*Record set:*
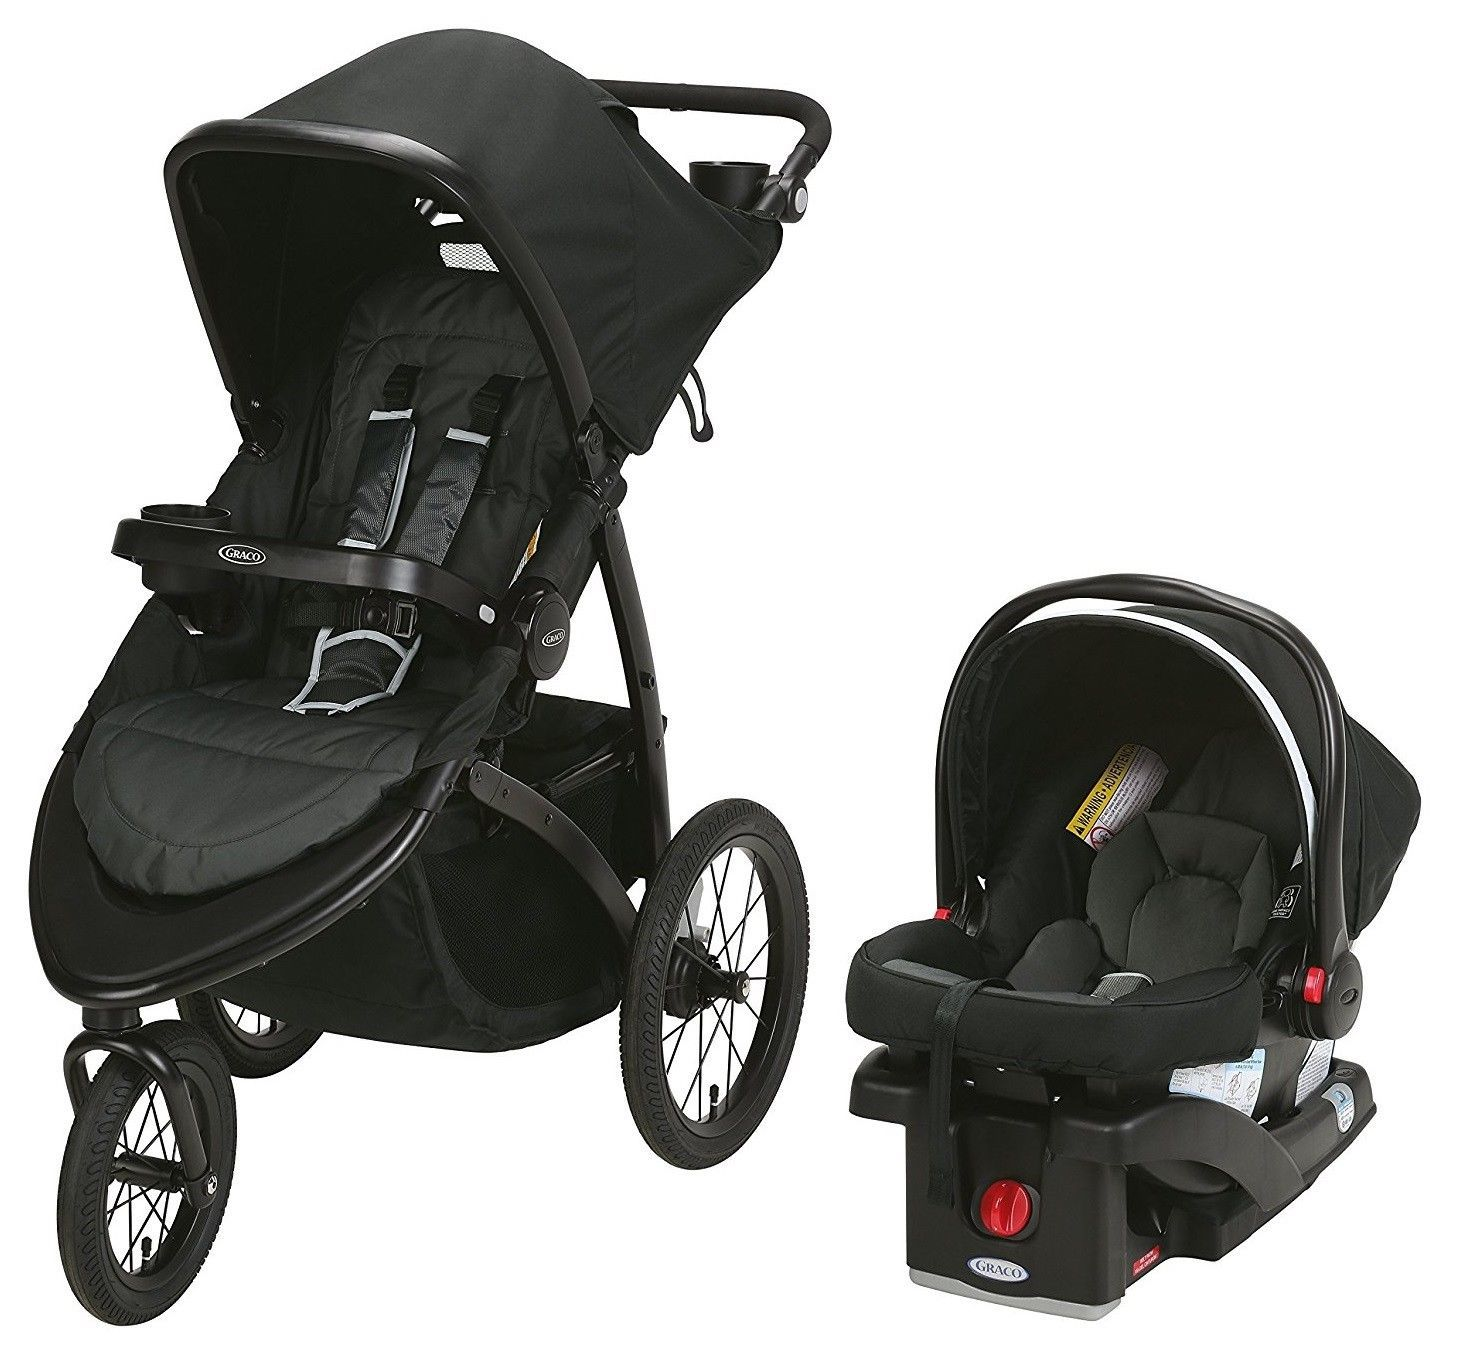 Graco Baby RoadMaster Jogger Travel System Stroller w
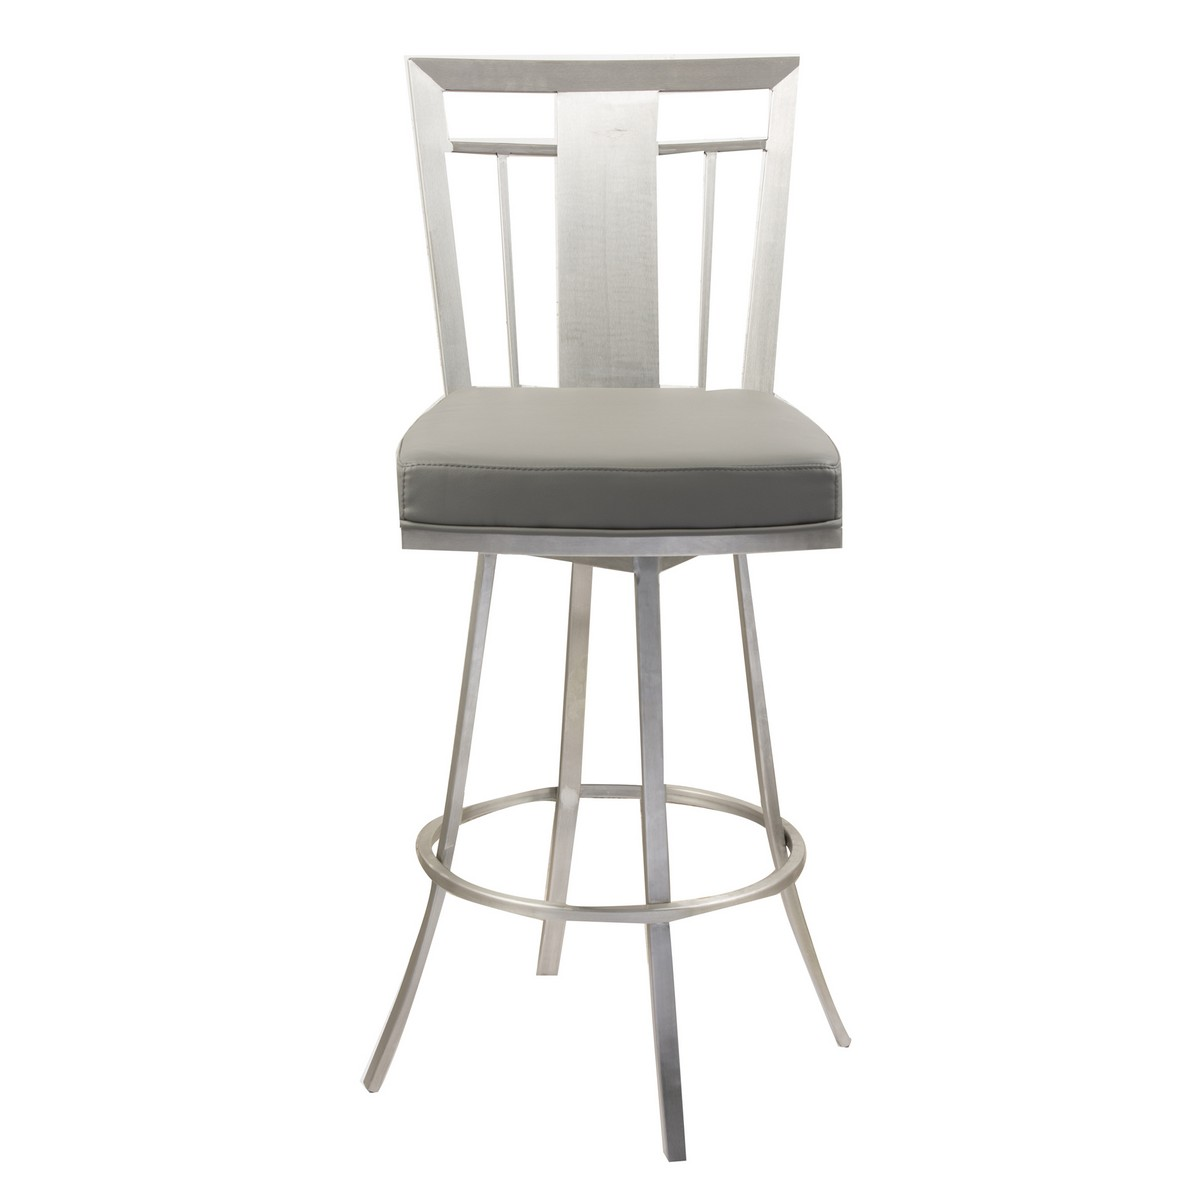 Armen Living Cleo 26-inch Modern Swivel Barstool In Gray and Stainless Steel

---

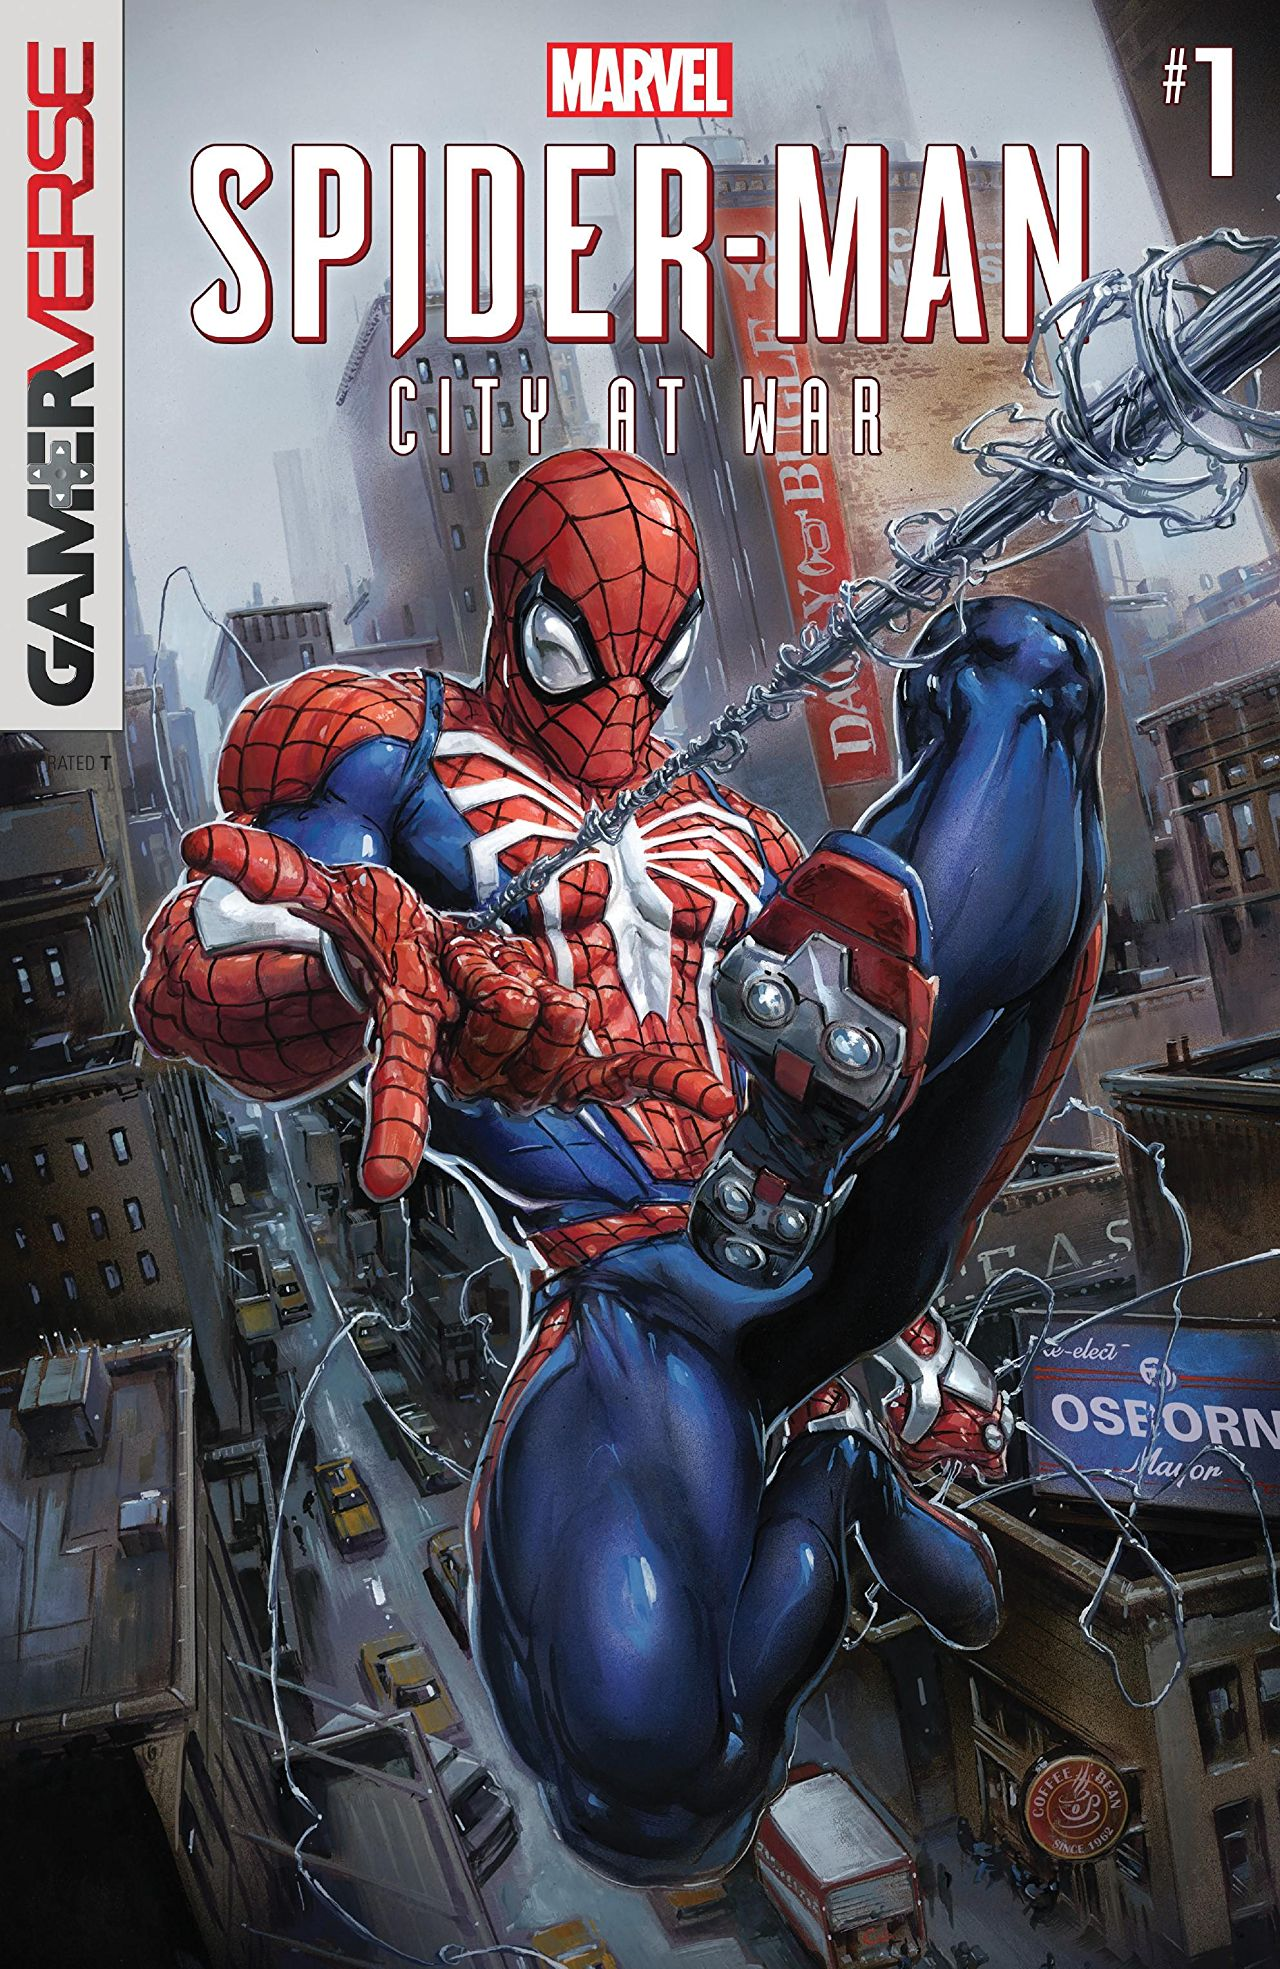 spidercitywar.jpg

*Exercise:* Could you transcribe exactly the entries above, but only the lines from the one with "Graco Baby RoadMaster" through the one with "Armen Living Cleo", and without pictures?

*Solution for this task:*
 Graco Baby RoadMaster Jogger Travel System Stroller w
 Armen Living Cleo 26-inch Modern Swivel Barstool In Gray and Stainless Steel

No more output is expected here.